:: EXERCISE BRIEF ::
Please copy exactly the part of the records below that opens with the line containing "33 Google Adwords tips #infographic" and closes with the line containing "kukoricacső", leaving out any pictures.

======== INFORMATION GIVEN

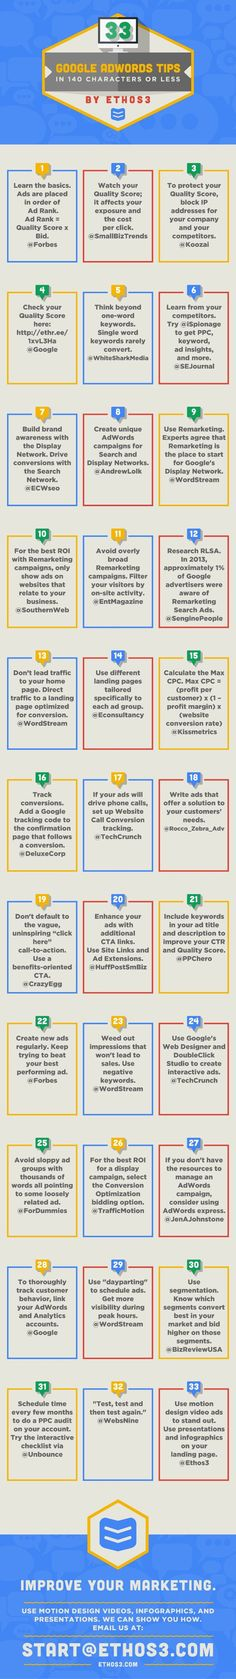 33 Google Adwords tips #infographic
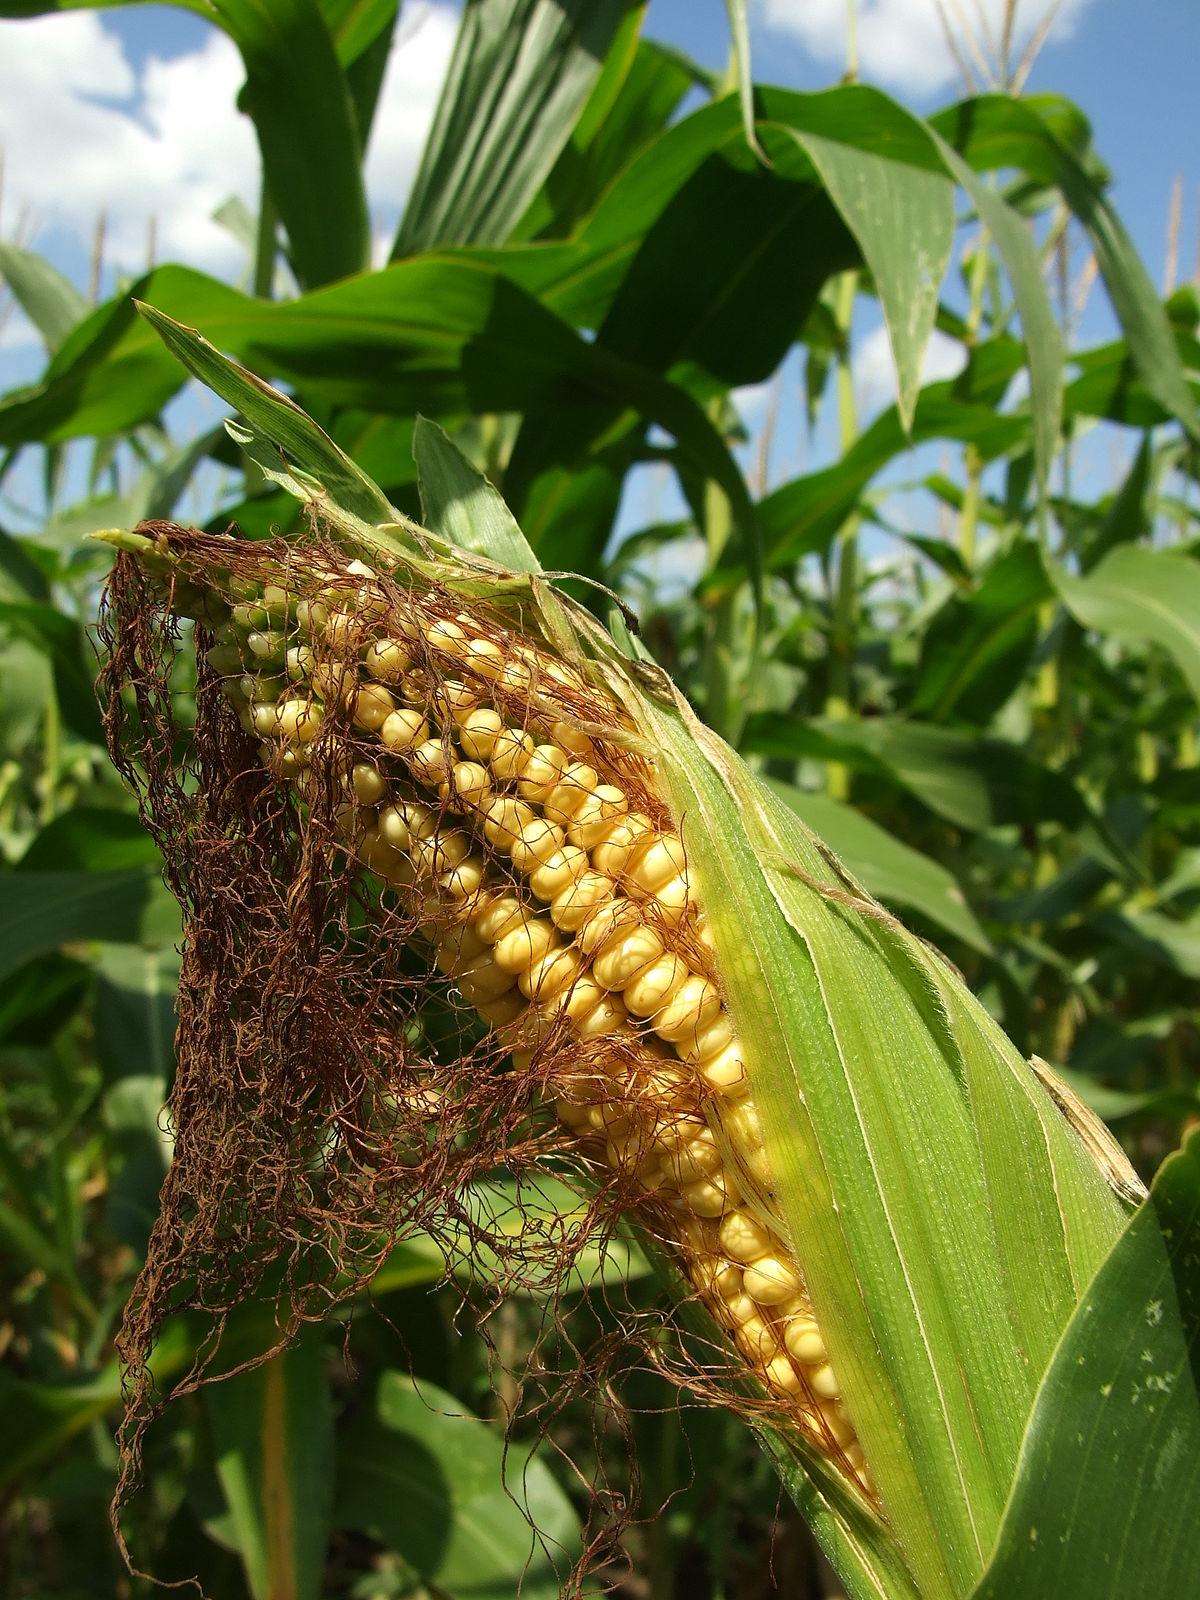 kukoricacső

================
======== INFORMATION GIVEN

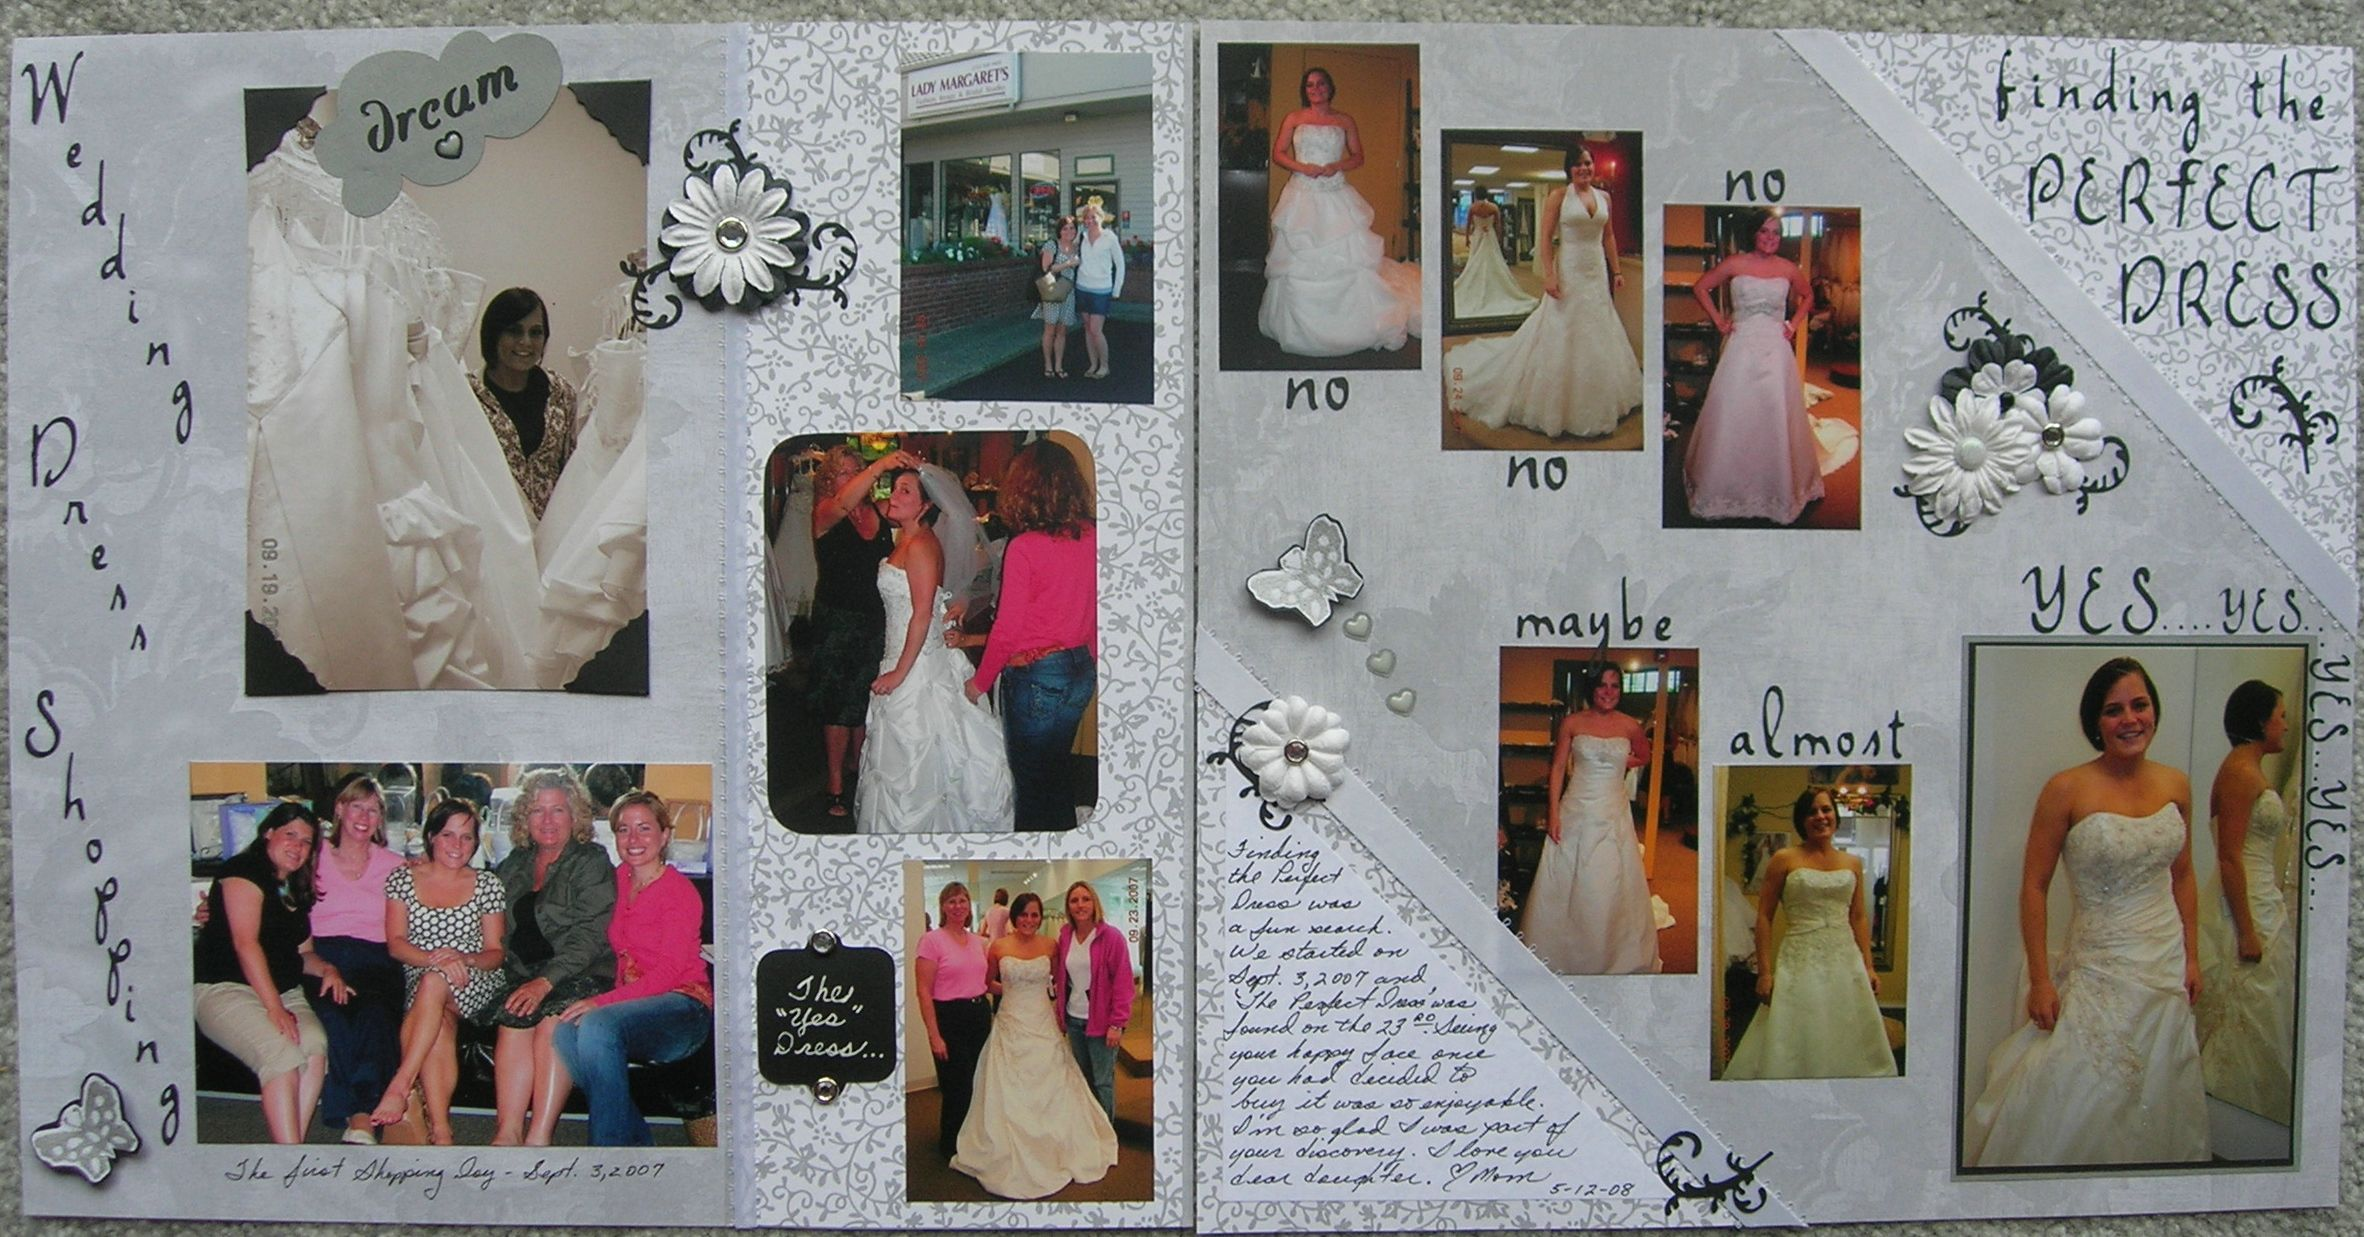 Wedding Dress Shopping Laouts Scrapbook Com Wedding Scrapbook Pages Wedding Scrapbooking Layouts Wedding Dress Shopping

================

:: TASK RESULT ::
 33 Google Adwords tips #infographic
 kukoricacső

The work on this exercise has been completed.